Делаю вид, что не обратил внимания. Разумеется, мечтает. О подвигах, славе, Оленьке. В госпиталях мы тоже мечтали. Чтоб отпуск дали или сестра приголубила. Много нас было, раненых лейтенантов, всем сестер не хватало…

Накрываю столик салфеткой и выкладываю на нее закуски. Вот ведь Тихон Ефстафьевич, и посуду не забыл! Зря грубил человеку! Тарелки, вилки, даже граненые стопки — все в двух экземплярах! Увижу в следующий раз — расцелую. А вот штопора нет! В бутылке с коньяком винная пробка.

— Разрешите, Павел Ксаверьевич!

Сергей. Ну-ну…

Поручик извлекает из ножен кортик (не обратил внимания, что тот болтается у него на бедре) и вонзает граненый клинок в пробку. Налегает на рукоятку, проворачивает, и пробка скользит внутрь. Аплодирую, Сергей смущается.

— В отряде научили!

Надеюсь, пить там тоже научили…

Разливаю коньяк по стопкам. Полагается тост.

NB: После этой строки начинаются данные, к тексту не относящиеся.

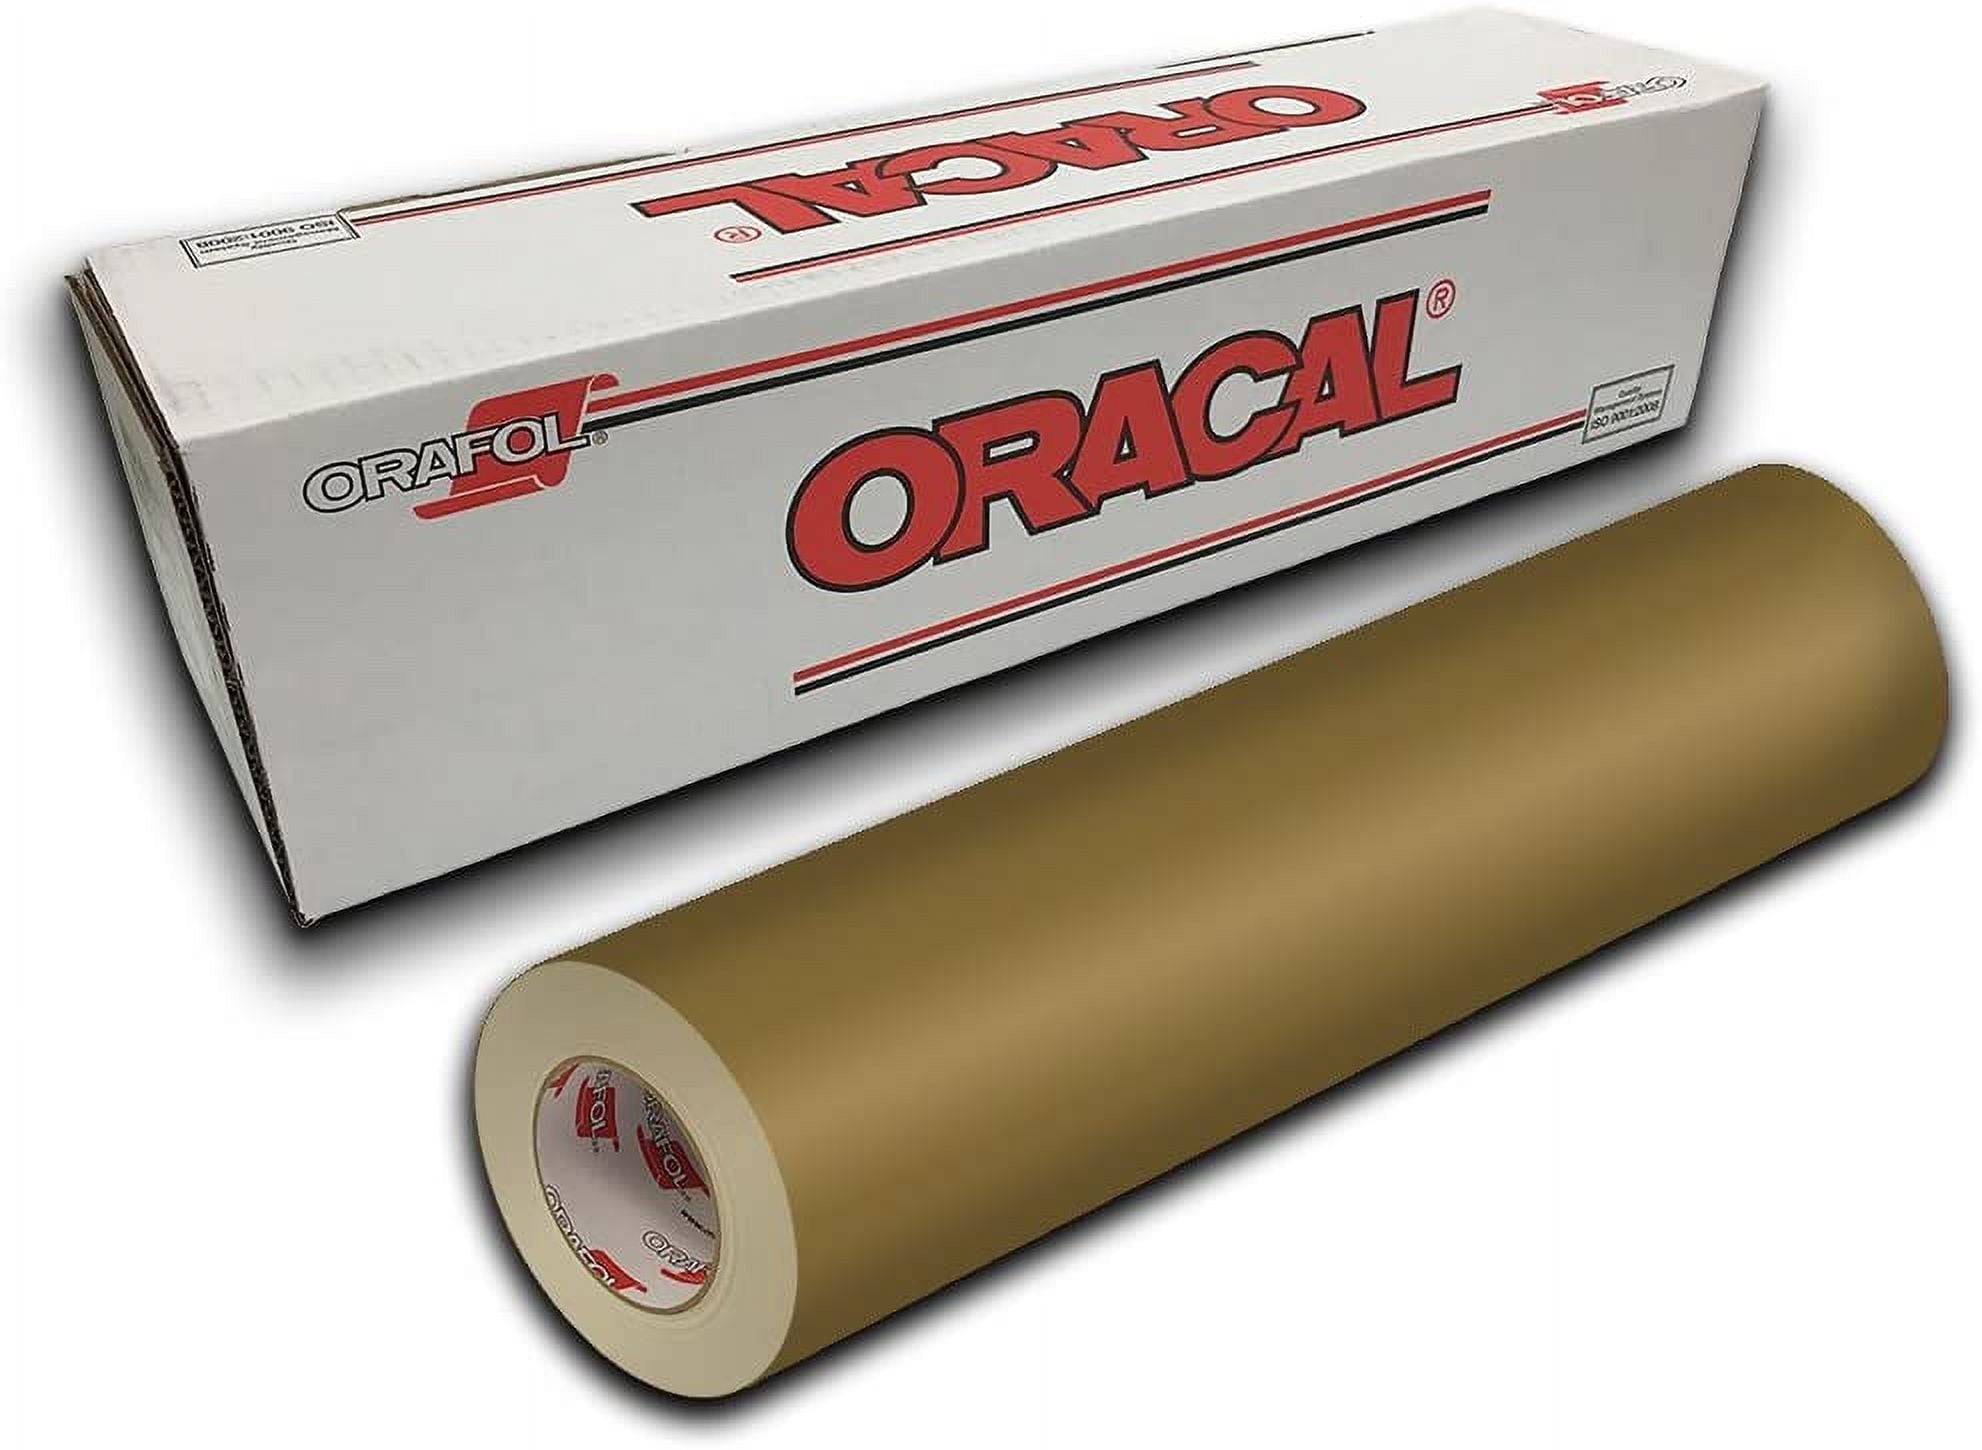 Oracal 651 Permanent Self-Adhesive Premium Craft Sticker Vinyl 24 x 30ft  (10yd) Roll - Transparent

Как здесь принято: первым младший по званию? Опять выручает Сергей.

— За ваше чудесное выздоровление, Павел Ксаверьевич! Вы не представляете, как я рад! Когда читаешь в газетах списки павших офицеров… Хоть кому-то повезло!

Простодушно, но искренне. Чокаемся, выпиваем. Коньяк хорош! В последний раз я пил нечто подобное две жизни назад. Мы захватили врасплох монастырь святого Клемента, и аббат сам открыл погреб. Никто не догадался, что папист ладит пакость. В бочке, указанной аббатом, был коньяк, вернее коньячный спирт пятилетней выдержки. Мягкий, ароматный и безумно крепкий… Парни упились мгновенно, а на рассвете в монастырь ворвались драгуны герцога Лотарингского — аббат ночью отправил к ним гонца. Большую часть рейтаров перерезали сонными, я, капитан и десяток самых трезвых засели на втором этаже и отстреливались, пока были заряды. Потом… Что потом? Лотарингцы черных рейтаров в плен не брали, равно, как и рейтары не брали лотарингцев. Герцог наемников не выкупал…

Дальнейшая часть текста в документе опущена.